مَنْ لَمْ يَدَعْ قَوْلَ الزُّورِ وَالْعَمَلَ بِهِ فَلَيْسَ لِلَّهِ حَاجَةٌ فِي أَنْ يَدَعَ طَعَامَهُ وَشَرَابَهُ

"Barangsiapa yang tidak meninggalkan ucapan keji dan berbuat keji, Allah tidak butuh orang itu meninggalkan makan dan minumnya". (HR Bukhari: 1903)

Dijelaskan dalam Ibnu Hajar Al Asqalani :
والمرادُ بِقَولِ الزُّورِ: الكَذِبُ

"Dan maksud dari perkataan keji yaitu dusta".

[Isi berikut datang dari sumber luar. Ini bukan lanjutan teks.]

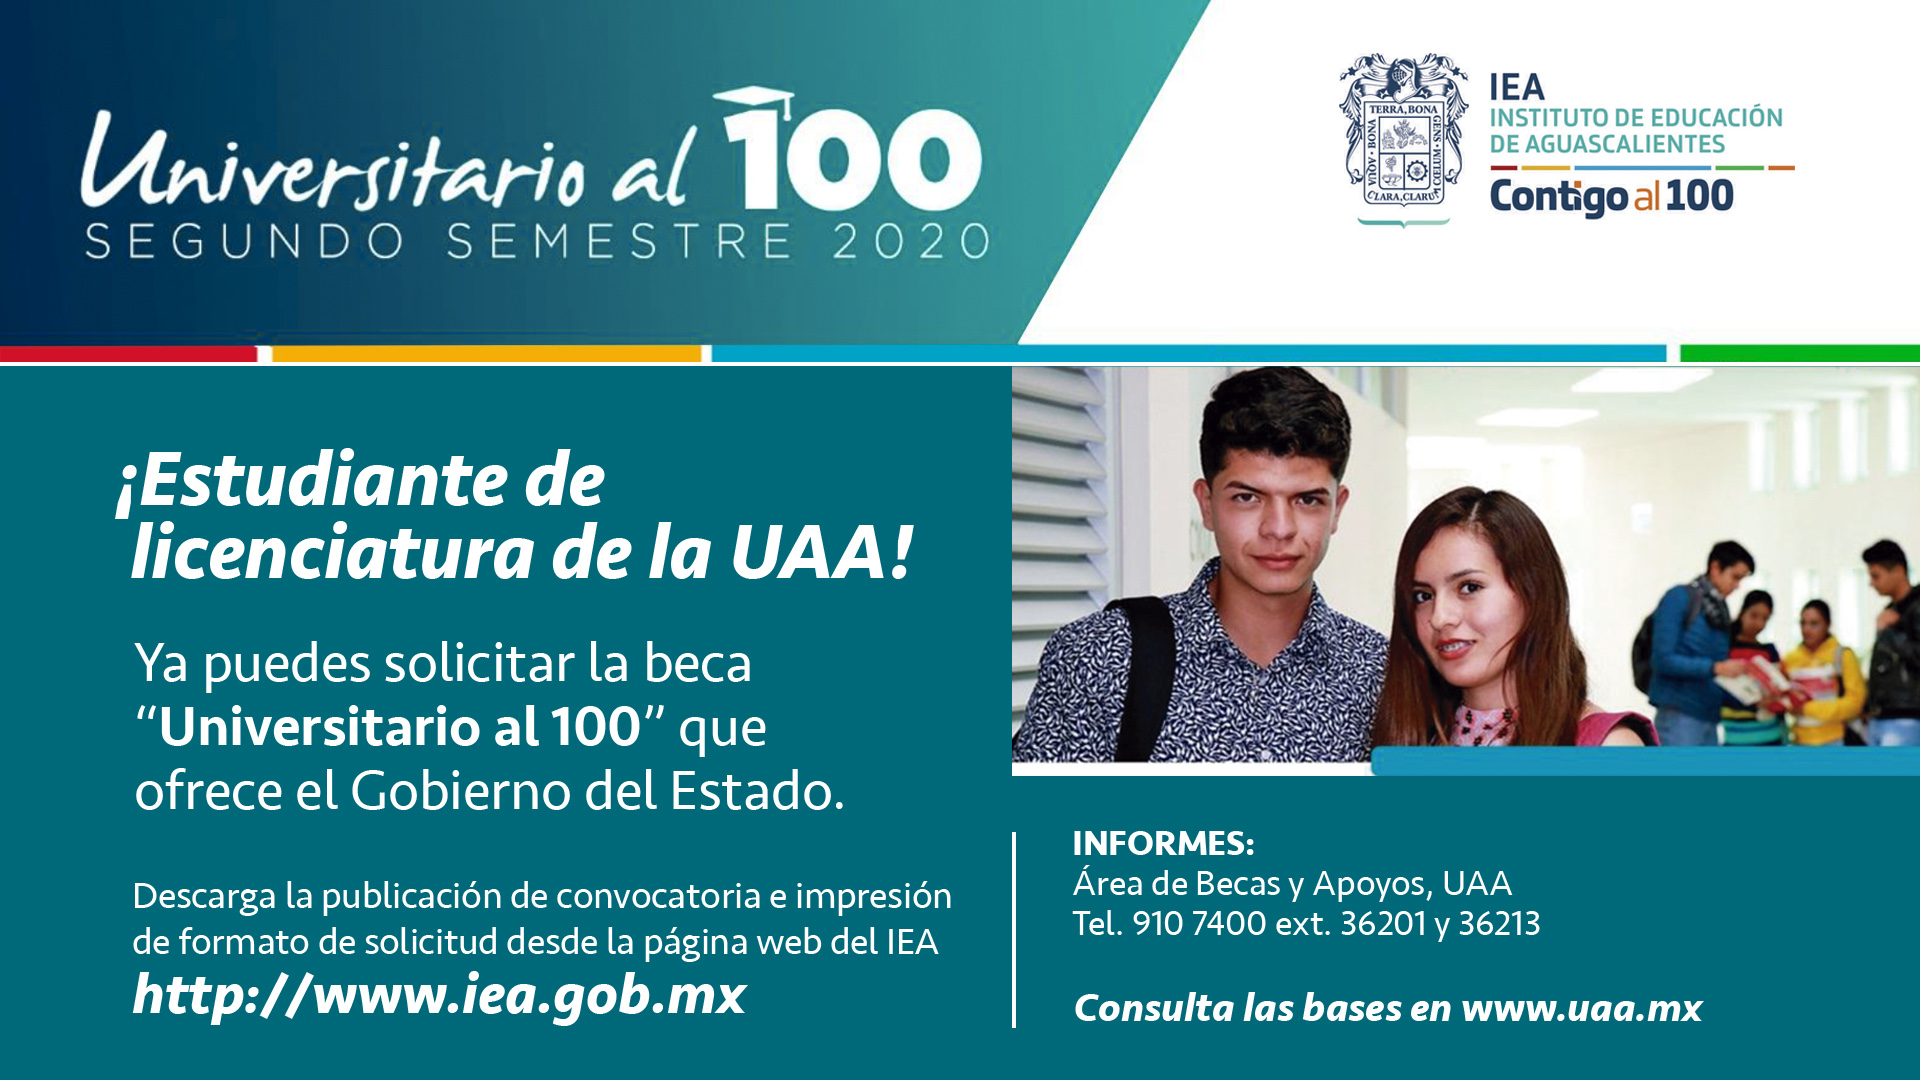 Beca Universitario al 100 Segundo Semestre 202

Syaikh Muhammad bin Sholih Al Utsaimin menjelaskan:

قَولُ الزُّورِ: كلُّ قَولٍ محرَّمٍ، والعمَلُ بالزُّورِ: كلُّ فِعلٍ محرَّم

Maksud perkataan yang keji adalah setiap perkataan yang haram, dan perbuatan yang keji adalah segala perbuatan yang diharamkan.

Maka kata Nabi shallallahu 'alaihi wasallam: "Barangsiapa yang tidak meninggalkan perkataan yang keji (yaitu ucapan yang haram), dan berbuat keji (perbuatan yang haram), maka Allah subhanahu wa ta'ala tidak butuh puasanya".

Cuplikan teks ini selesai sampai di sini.